The 22-page Order released in Lemmon is noteworthy because it looks at the issue of proximate cause and finds that the Plaintiff have adequately alleged a legal connection between the allegedly defective design and the deaths. As noted by Judge Fitzgerald, “the basic design of the Speed Filter itself appears to encourage reckless driving. There is realistically no purpose for the Speed Filter other than to encourage users to travel at high speeds and record themselves doing so.” Order at p 11. Judge Fitzgerald further notes that Snap’s argument that the users of its Speed Filter could choose to safely use it while walking, jogging, or riding a Ferris wheel is “highly implausible” and commented “It is common sense that adding a speed-sharing feature to a social media application used predominantly by minors and young adults would encourage such users to record themselves while driving at high speeds.” Order at p 11-12.

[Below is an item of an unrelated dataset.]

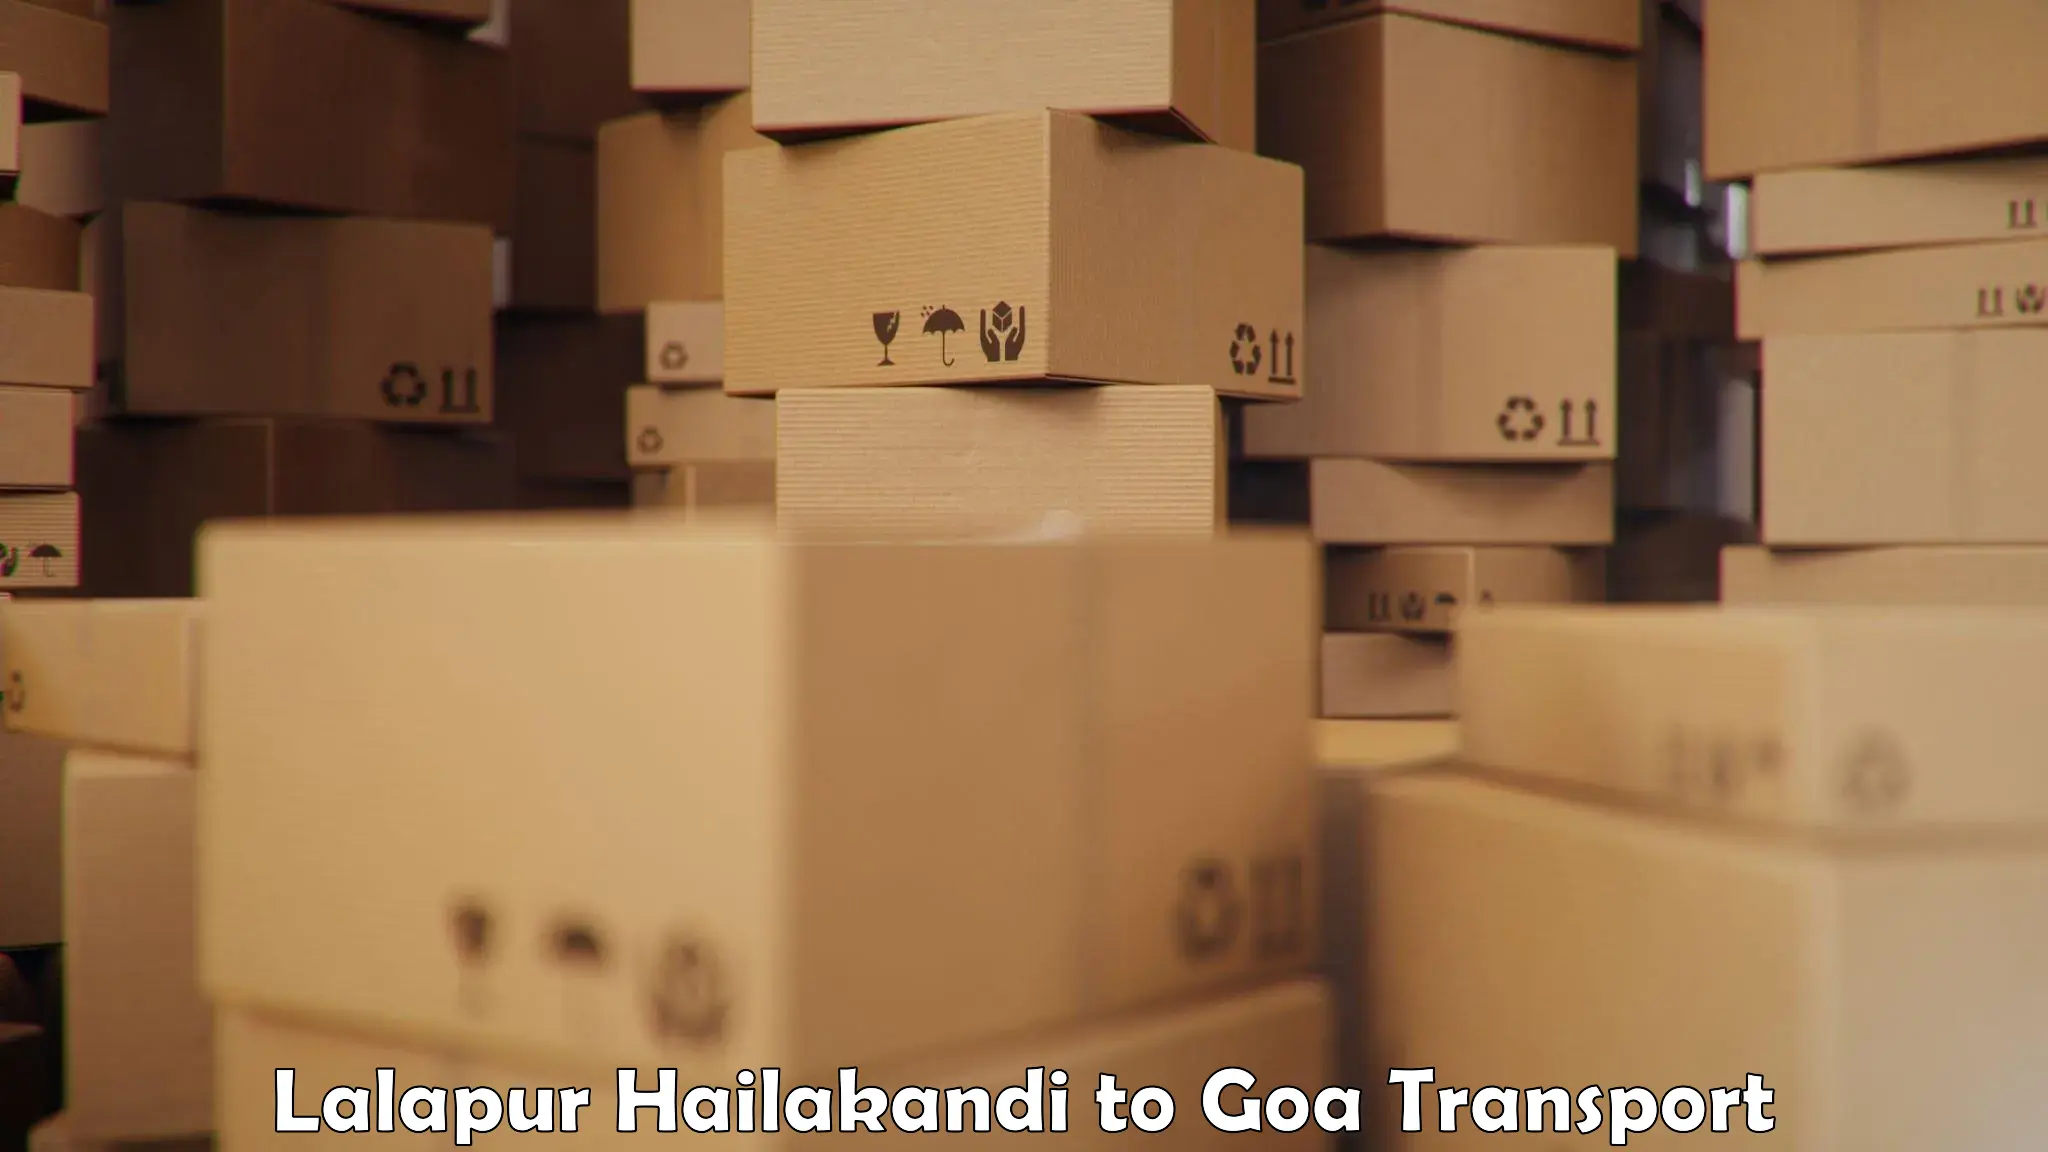 Delivery service Lalapur Hailakandi to Panaji
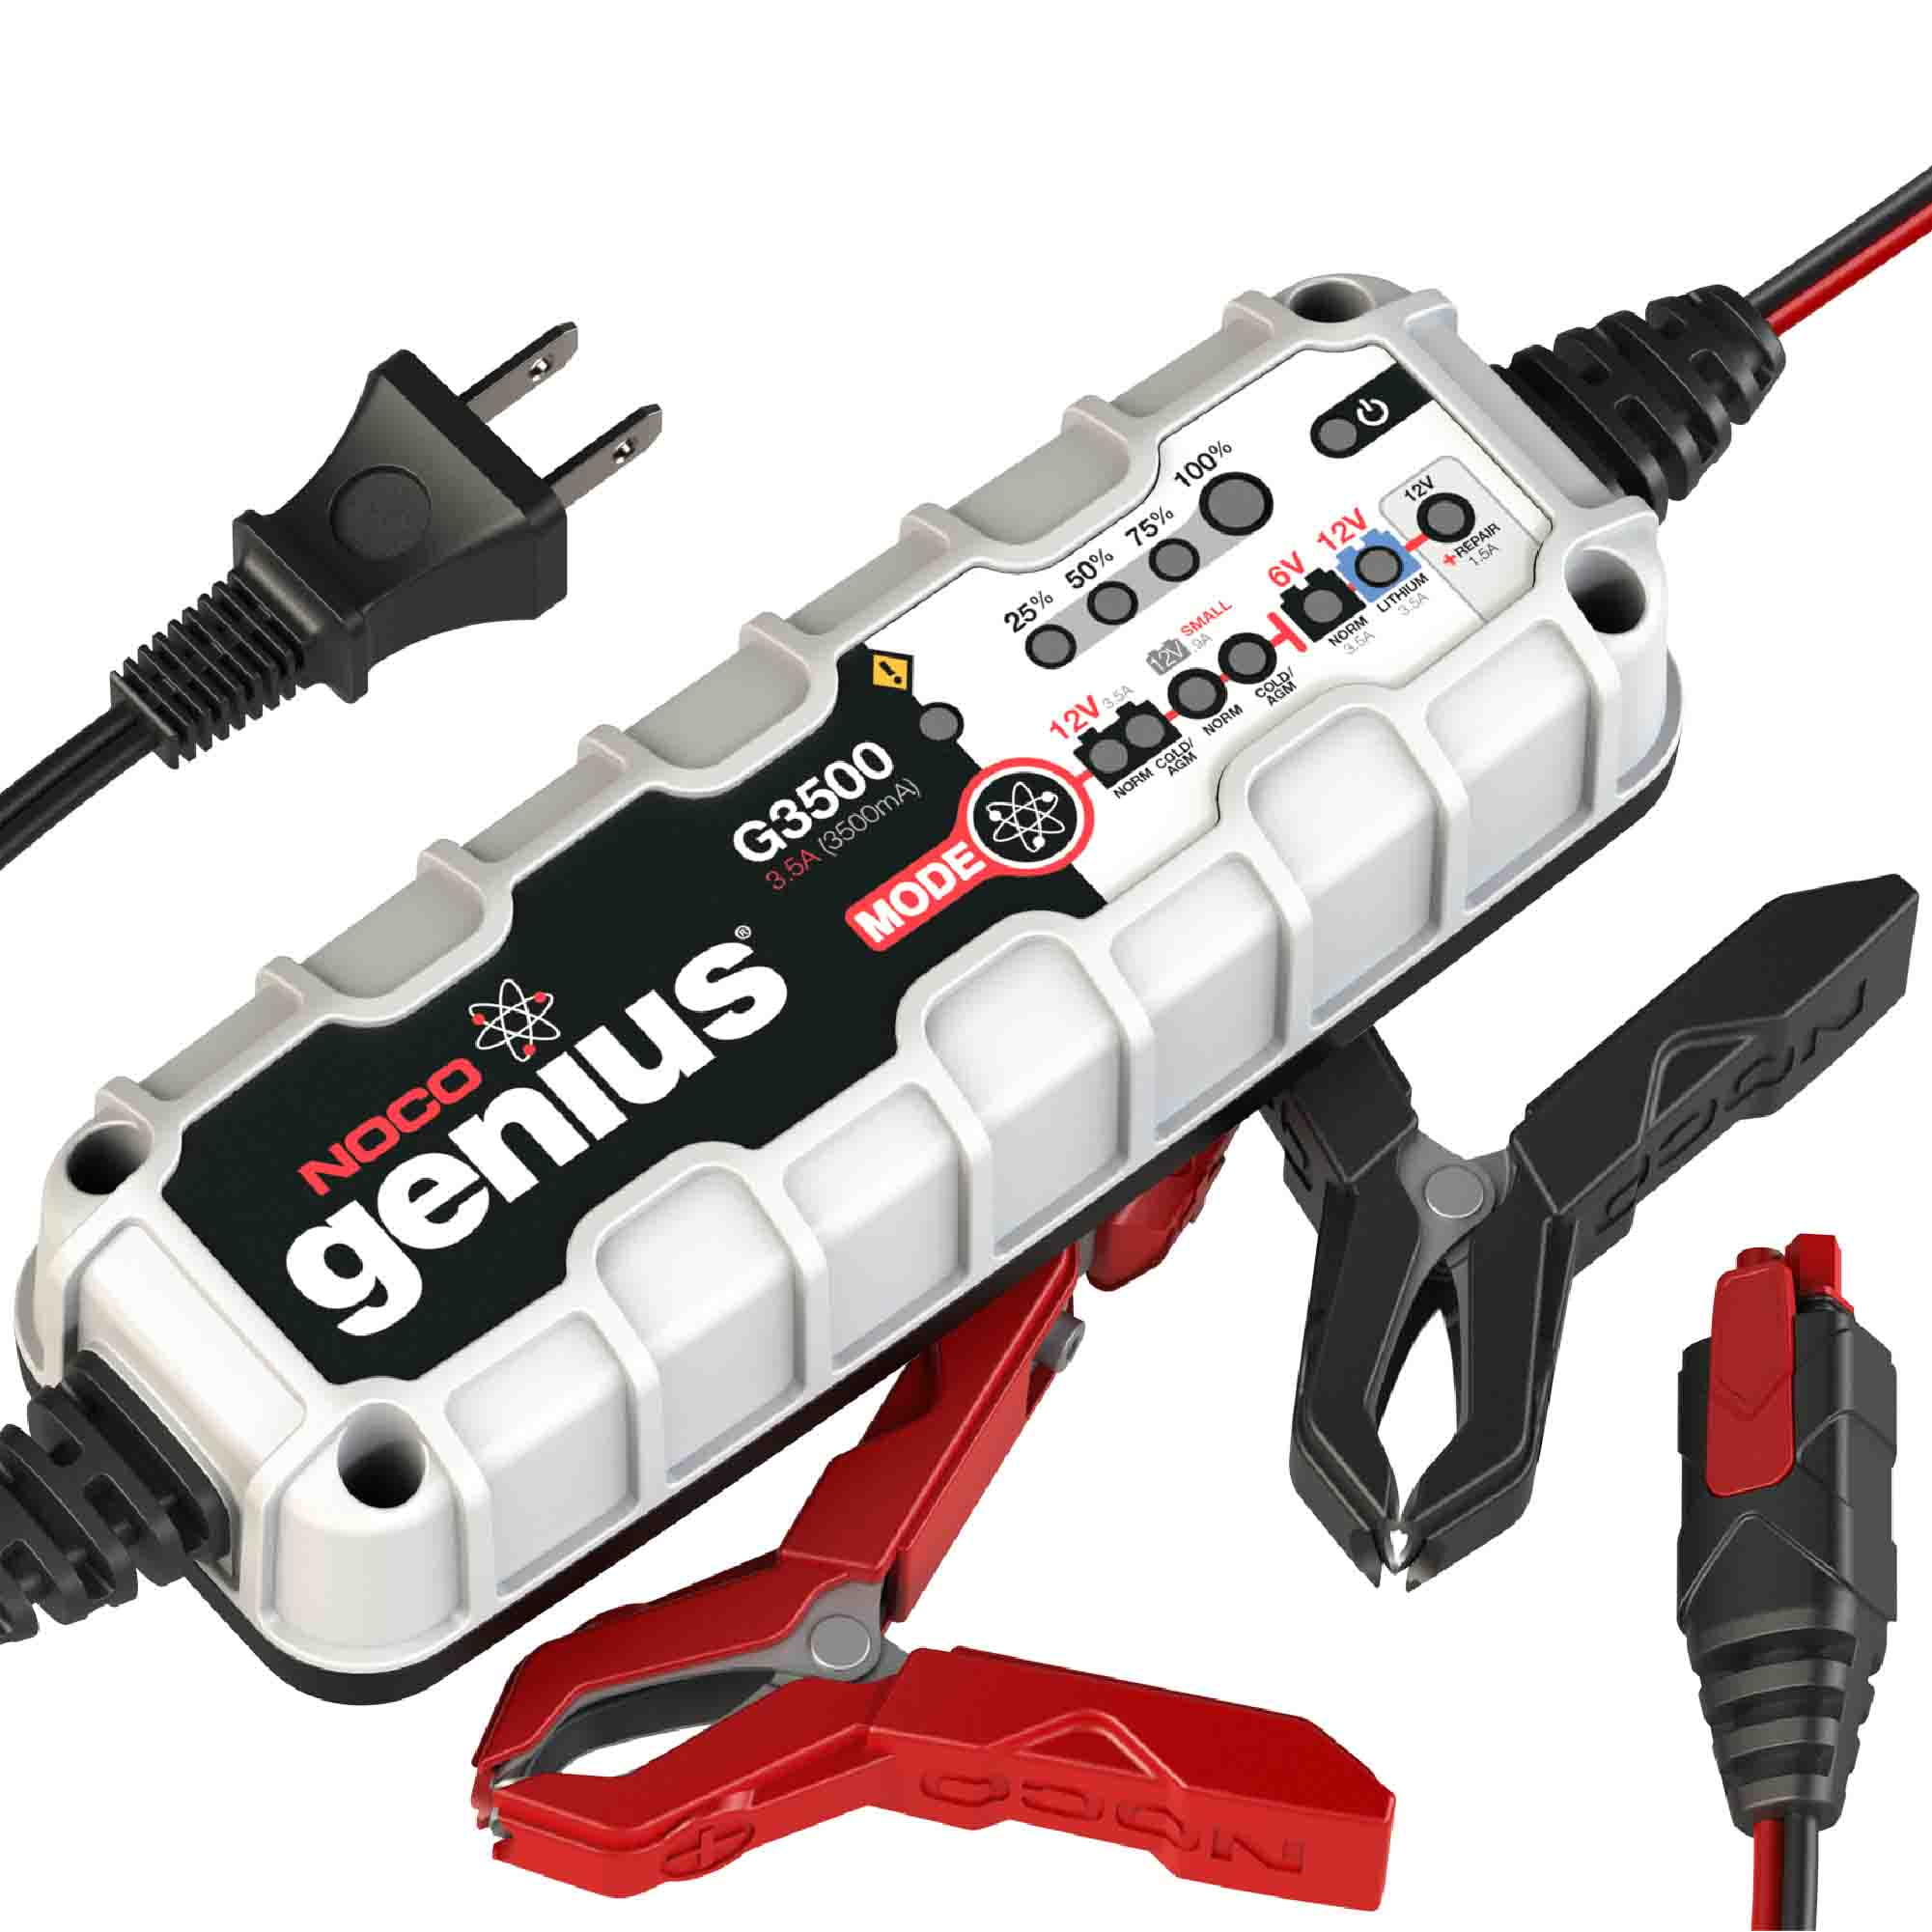 NOCO GENIUS 5UK 6V/12V 5-Amp Fully Automatic Smart Battery Charger -  GoBatteries

The issue of proximate cause will be reviewed by the Georgia Court of Appeals in Maynard v. Snapchat. The Georgia Supreme Court recently reversed the Court of Appeals after it erroneously held that Snap did not have a duty to design against foreseeable illegal behavior. The Court of Appeals must now consider proximate cause, just as Judge Fitzgerald. One important factor to consider on proximate cause is the reasonable foreseeability of the event. On that issue, Judge Fitzgerald noted, “One of the only realistic uses of the Speed Filter is for users to record themselves traveling at high speeds. It is extremely foreseeable that minors and young adults would use the Speed Filter to record themselves driving at excessive speeds.” Order at p 18 (Emphasis in original).
The Court concluded its review of proximate cause with the statement, “The causal connection between the Speed Filter and the speeding accident is strong given that the accident occurred while the Plaintiffs were using the Speed Filter for the exact purpose for which it appears to be designed: to record the user traveling at excessive speeds.”
Snap was directed to file an Answer to the Complaint on or before April 18, 2022.
“Snap’s choices to design, code, publish, promote, and then retain the Speed Filter app despite repeated incidents of dangerous speeding and multiple public calls for its withdrawal is something that bewilders and infuriates our team.
Pursuing legal accountability from Snap for the senseless injuries and loss of life has been a professional calling that has required patience and discipline.
Our clients are extremely grateful for the close attention paid to the facts and the legal issues in this case by U.S. District Court Judge Michael Fitzgerald, the 9th Circuit, the Georgia Supreme Court, and the Georgia Court of Appeals—as well as those that have provided amicus support.
We look forward to pursuing discovery from Snap about its choices in the Lemmon case and to eventually doing so on behalf of the Maynard family as well.”
– Michael L. Neff, Neff Injury Law, & Naveen Ramachandrappa, Bondurant Mixson & Elmore – Counsel for the Lemmon, Morby, & Brown families.